# A/C condenser fan motor wiring



## HVAC1000 (Dec 12, 2012)

jcdtrader said:


> I am replacing the condenser fan motor and the capacitor.
> 
> The old fan motor had 3 wires (black, brown and purple). The older capacitor had 3 terminals.
> 
> ...


Yellow is your common for power. Black is actually your high speed. Red is low speed . The two browns go to the two terminals on new capacitor.


----------



## ryandeen (Jan 18, 2013)

Sound like this motor is for your evaporator fan not condenser.

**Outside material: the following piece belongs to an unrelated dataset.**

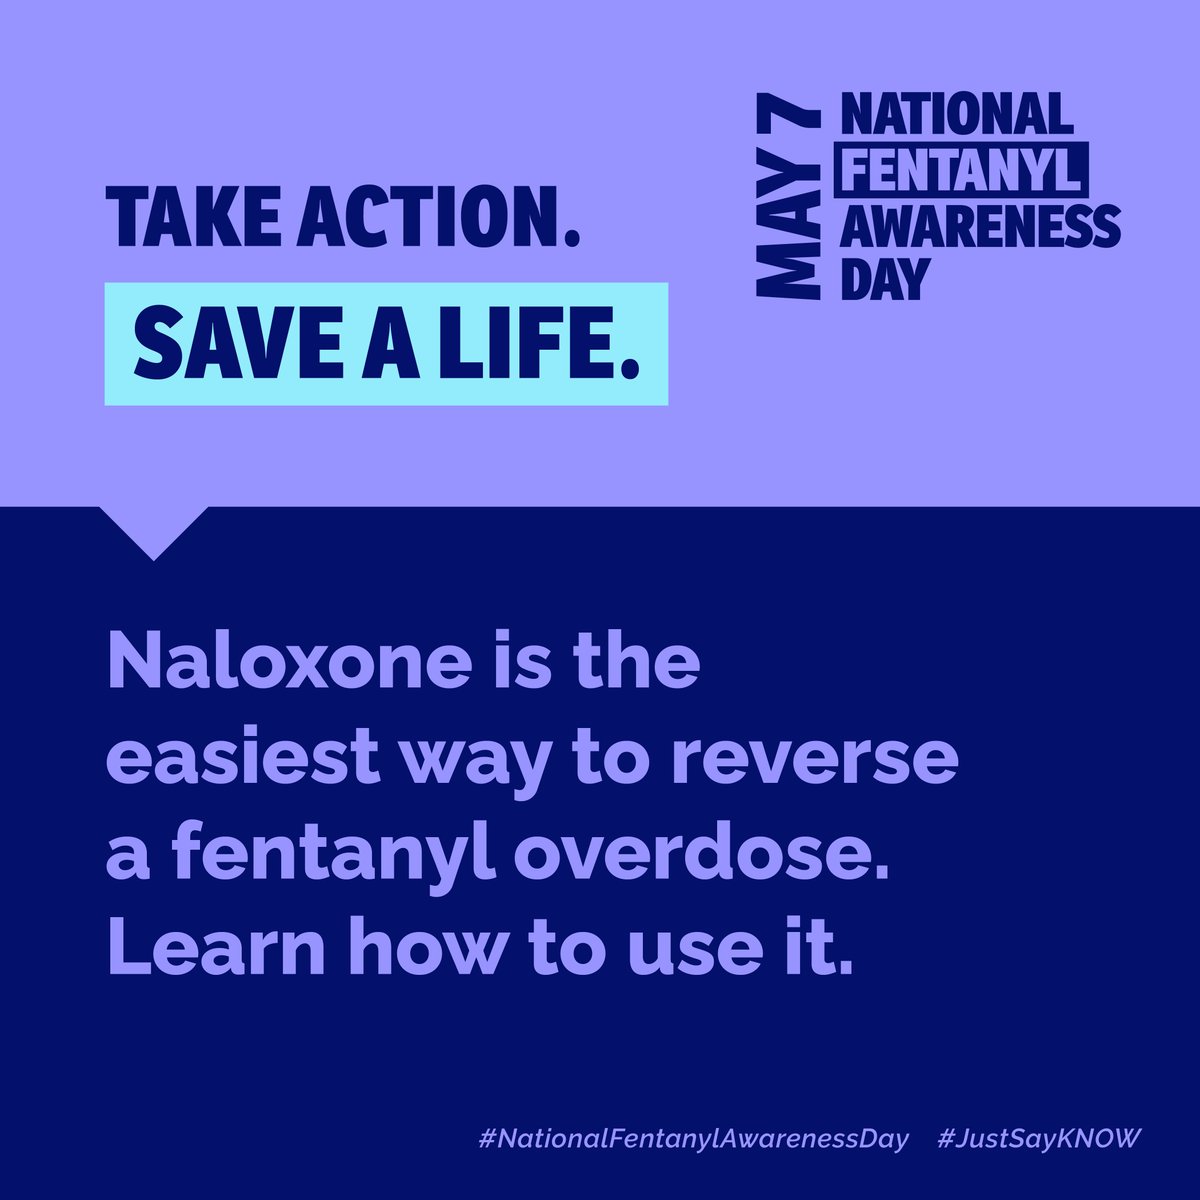 Highly addictive synthetic opioids like #fentanyl are a major contributor to U.S. drug overdose deaths. Help fight the opioid epidemic by learning to recognize and respond to an overdose, including how to use naloxone: ow.ly/ssps50Rp2c5 #NationalFentanylAwarenessDay

Sent from my iPhone using DIY Forum


----------



## HVAC1000 (Dec 12, 2012)

ryandeen said:


> Sound like this motor is for your evaporator fan not condenser.
> 
> Sent from my iPhone using DIY Forum


No. It's a condenser fan motor based on model number. They are multi speed to make it more universal for service techs to only carry one or two motors. Not 5 or 6


----------



## biggles (Jan 1, 2008)

yellow and red are the speed not variable... either or.go with HI check the motor tag need the exact cap that was the 3 terminals


----------



## ryandeen (Jan 18, 2013)

HVAC1000 said:


> No. It's a condenser fan motor based on model number. They are multi speed to make it more universal for service techs to only carry one or two motors. Not 5 or 6


True true

Sent from my iPhone using DIY Forum


----------



## HVAC1000 (Dec 12, 2012)

biggles said:


> yellow and red are the speed not variable... either or.go with HI check the motor tag need the exact cap that was the 3 terminals


Mars uses yellow as common. Red and black are speeds not yellow. Go with black, it's high speed. This is all on the wiring schematic on the side of the motor. You don't need the cap with three terminals. The one labeled fan will just be abandoned. You can use the three terminal dual capacitor if you want but you dont have to plus its cheaper to go with your current set up


----------



## jcdtrader (Jun 27, 2013)

I hooked everything up, checked to make sure thermostat was low enough to start, checked breakers and turned it on. Nothing happened. The contacter clicked and that was it. Can you take a look at my wiring and see if I have something wrong?


----------



## HVAC1000 (Dec 12, 2012)

jcdtrader said:


> I hooked everything up, checked to make sure thermostat was low enough to start, checked breakers and turned it on. Nothing happened. The contacter clicked and that was it. Can you take a look at my wiring and see if I have something wrong?


Only the brown wires should be on capacitor nothing else. It is all on the wiring diagram that came on the motor follow that as it is drawn. 
Also did u realize that you were supposed to keep your dual capacitor for the compressor to start. That new two pronged capacitor is for just the fan and should be wired to nothing else.


----------